У меня перехватывает дыхание. Он подносит бокал к губам и, запрокинув голову, залпом выпивает всё содержимое.
Внезапно мне становится на тысячу градусов жарче, и я остро ощущаю сырость под мышками и то, как челка прилипла ко лбу.
Наверху, наверное, всё распушилось. Я пытаюсь убрать волосы от лица.
— Сэм… — начинаю я, затем останавливаюсь, не уверенная, какие слова произнести дальше.
Я не хочу делать это сейчас. Пока нет.
Я подношу бокал ко рту и делаю большой глоток.
Взгляд Сэма неумолим. Его способность поддерживать зрительный контакт была тем, к чему я привыкла после того, как впервые встретила его. И когда мы стали старше, этот голубой взгляд воспламенял мою кровь, но теперь его давление стало непреодолимым. И я знаю, я знаю, что сейчас я не должна находить его привлекательным, но его мрачное выражение лица и твердая челюсть сбивают меня с толку. Он, бесспорно, великолепен, даже когда немного напряжен. Возможно, в особенности, когда он такой.

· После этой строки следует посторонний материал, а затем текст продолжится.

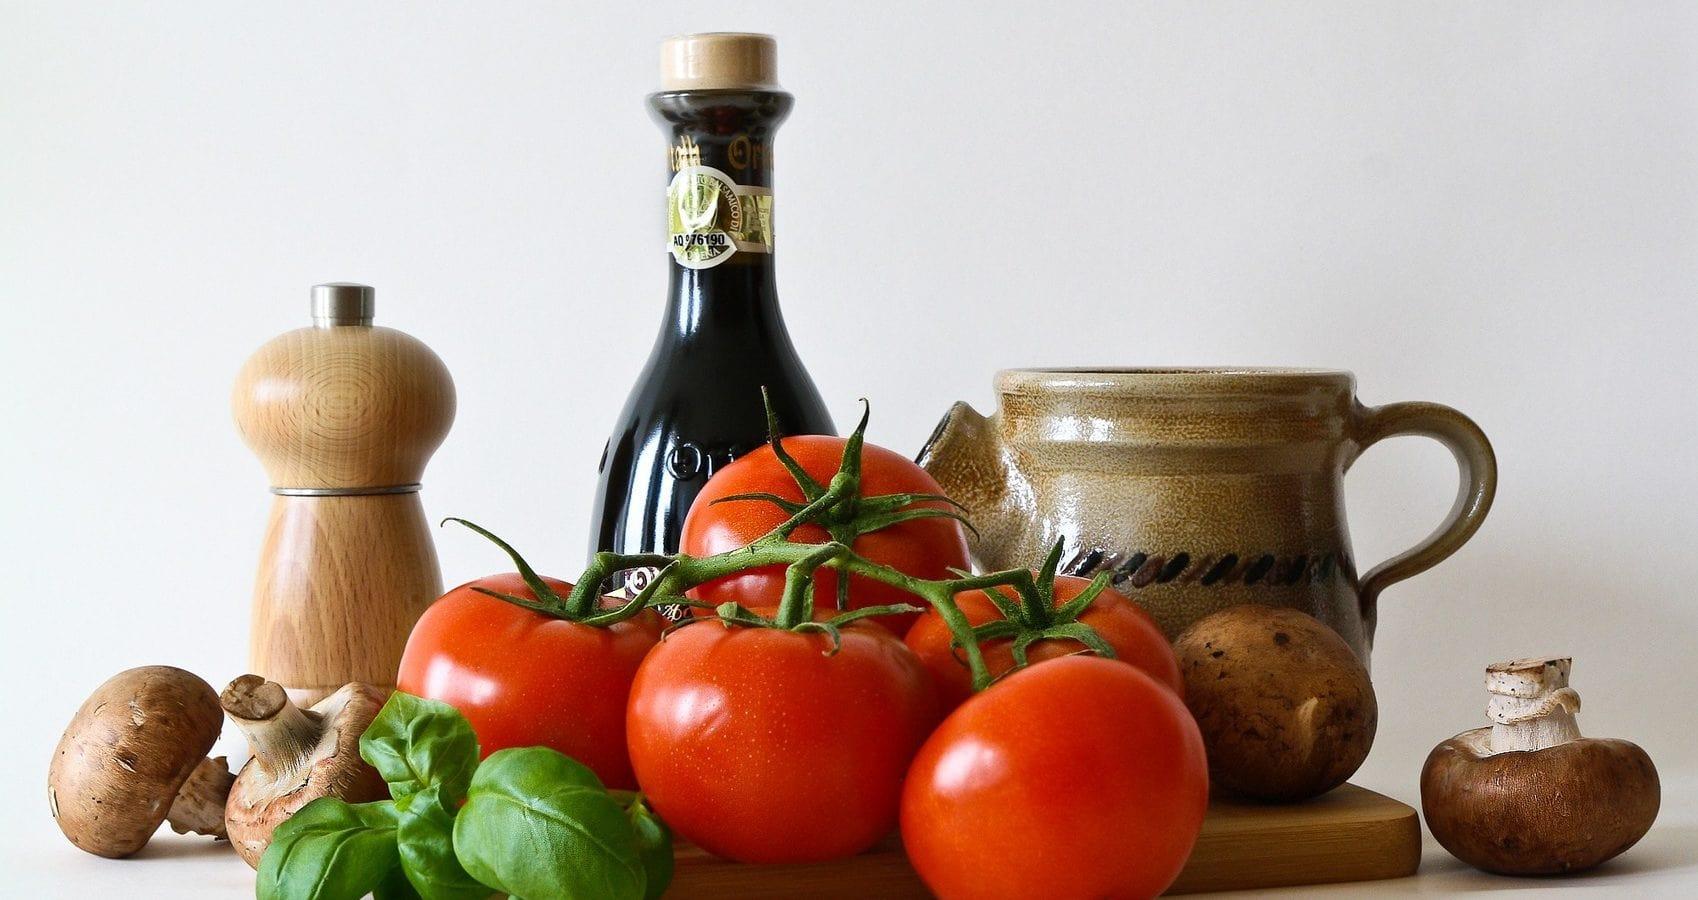 Foto: Gemüse. Pxhere/CC

Я допиваю остатки виски и задыхаюсь от жжения. Он ждет, что я что-нибудь скажу, и мне никогда не удавалось уклониться от него. Я просто не готова бередить наши раны сейчас, не раньше, чем узнаю, переживем ли мы их во второй раз.
Я смотрю на свой пустой стакан.
— Я провела двенадцать лет, думая о том, что бы я сказала, если бы когда-нибудь увидела тебя снова, — я морщусь от собственной честности. Я делаю паузу, считая четыре вдоха и выдоха. — Я так по тебе скучала, — мой голос дрожит, но я продолжаю. — Я хочу сделать, как лучше. Я хочу всё исправить. Но я не знаю, что сказать, чтобы сделать это прямо сейчас. Пожалуйста, просто дай мне ещё немного времени.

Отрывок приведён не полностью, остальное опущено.